День назад, сразу после знакомства с Олдоном.
-Тогда вопрос где и когда – сказал я, смотря на лучезарную улыбку старика. Пошлость его натуры выпирала из-под его наглухо застегнутого пиджака, и как бы он не пытался ее скрыть, я был хорошим актером и мог увидеть, когда кто-то играет неподходящую ему роль.

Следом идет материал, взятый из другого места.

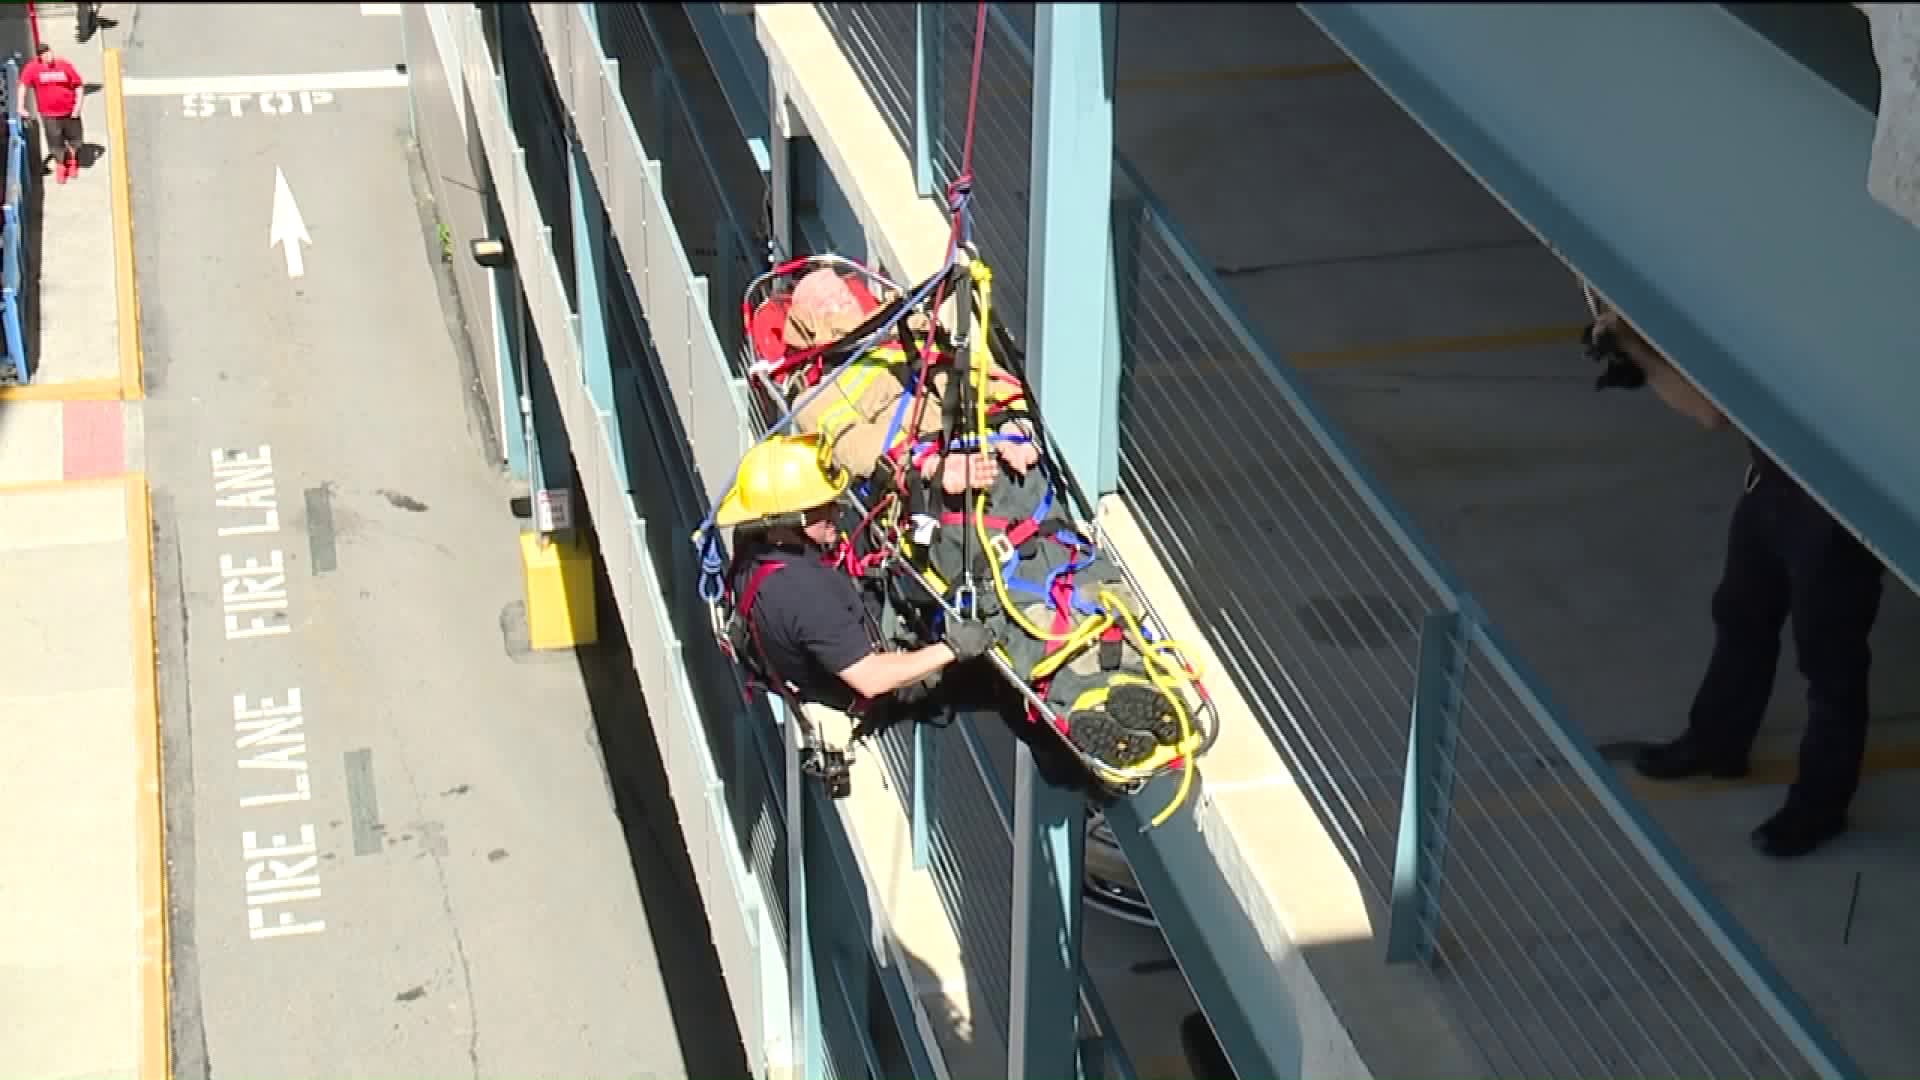 Firefighters Practice Rescue Training in Wilkes-Barre

-Я прекрасно знаю, что дело даже не в колоннах. Ведь я прожил больше тебя, мальчик мой, и понимаю, что от разговоров с тобой будет ни больше толку, чем от перестановки книг с одной полки на другую – мне неприятно то, как он подошел к нашему знакомству, и я сразу же перехожу в наступление:
-А, кто вам сказал, что я хочу вас обмануть? Цель  нашего знакомства, которую вы уже успели рассчитать за два хода вперед, зайдя в этот зал и не обратив на меня внимание…. Сделав вид, что не обратили, хотя, это было очевидно – вы заинтересованы - помолчав некоторое время, я позволил себе дать возможность насладиться очаровательным моментом – моментом, когда человек начинает приходить в замешательство и чувствовать себя заинтересованным в том, что ему говорят:
-Так вот, этой цели, как таковой, у меня нет – говорю я открыто, чувствуя, что боль, которую я испытывал часом ранее, снова возобновилась, и потому моей следующей мыслью было закончить этот разговор и пойти спать. В любом случае, от разговора мало толку, когда человек слышит лишь свой собственный голос.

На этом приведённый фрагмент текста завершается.